In many ways, the album is about survival in the face of too much life happening all at once, but from the refreshing perspective of an irreverent protagonist too self-consumed to be deemed a hero. And that, for whatever reason, makes an entirely too vintage (that’s the nice way of saying “derivative”) record intriguing. King is rebuilding herself on the album, and in that way, she is heroic—on the surf-y “Runaway” (a track she told Apple, “If I were to write a Roy Orbison song, that would be it”), she details her divorce while in the thick of it, singing, “I will always be lonely,” before freeing herself from the sentence. “I promise I’ll always be a little runaway.” In the gospel “Good Thing Gone,” King’s voice cracks, breaks, unraveling in the midst of her spiral, “You couldn’t put down that last drink/I couldn’t get that shit past me.”

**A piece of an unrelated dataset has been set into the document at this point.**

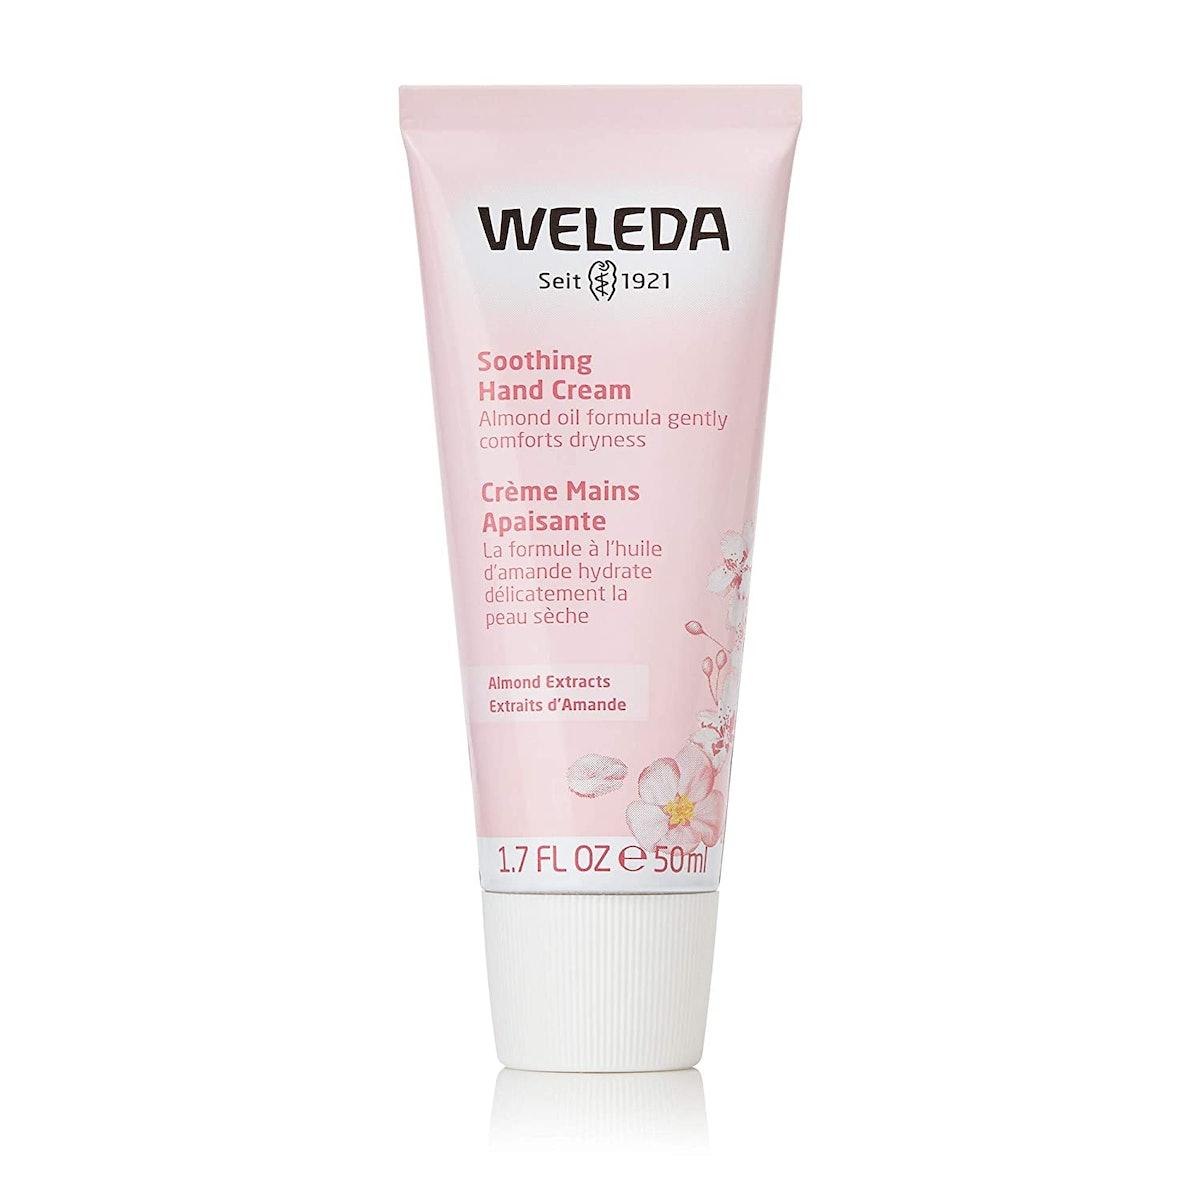 Weleda Soothing Sensitive Skin Almond Hand Cream

King is an undeniable lyricist, her best musical quality. (Second best is her smokey rasp—it’s rude, but it’s true.) Words teeter a line between bitter revelations and self-deprecation worthy of an edgy Twitter bio: “Pity the man that stands in my way/I’m a nightmare even in the day,” on “Baby Outlaw.” The bitter spit of, “Oh, and by the way/While you were away/I fucked somebody on our one-year wedding anniversary day,” on “Man’s Man.” On “It Girl,” she offers a humorous reflection of her early sexual experiences (“My reputation is great/Just ask any of my first dates”) and the unserious guide to giving a good hand job as status in middle school (“To be a hit/It’s all in the wrist/You could be the it girl/If you use a little spit girl”).

King wants to be a rock star in 2018, and she is one—Behind the Music-style and all.

That’s certainly dark, but it’s also funny, the kind of PG-13 rock ‘n’ roll posturing that separates King from her pop contemporaries and all those cast into the catch-all “alternative” category. It’s fun, dangerous if consumed without a grain of salt, uncomplicated music that seems to explain the attraction to old sounds presented with new, youthful abandon. King wants to be a rock star in 2018, and she is one—Behind the Music-style and all.

But Shake the Spirit ultimately fails to fully capture King’s swagger, and it’s her own fault. In songs like “Naturally Pretty Girls,” she has an obsession with singing about jealousy, stunting otherwise joyful anthems from reaching their full potential. They become sob songs: King is a “poor, young, little ugly thing,” and “nature wasn’t kind to” her, but you “might look a little better/look a little better with” her. She observes the object of her affection as obsessed with a “red-headed girl with legs for days” and immediately rids the woman of her autonomy by suggesting all redheads do is “complain, all day.” She assures the listener that she is better, more fun than those girls, and offers no further explanation. By villainizing another person, she misses the opportunity to focus on what really works—all her delicious gloating.

Subtly, and perhaps ironically, King directs the criticism to herself at the last possible second, speak-singing, “I’m doing pretty alright, for a girl” on the final track, “Little Bit of Lovin’,” before a choir. She then leads them in harmony—her congregation—presenting her love lost as a lesson learned. Like Shake the Spirit, it’s good, not great, but necessary catharsis for an artist in dire need of it.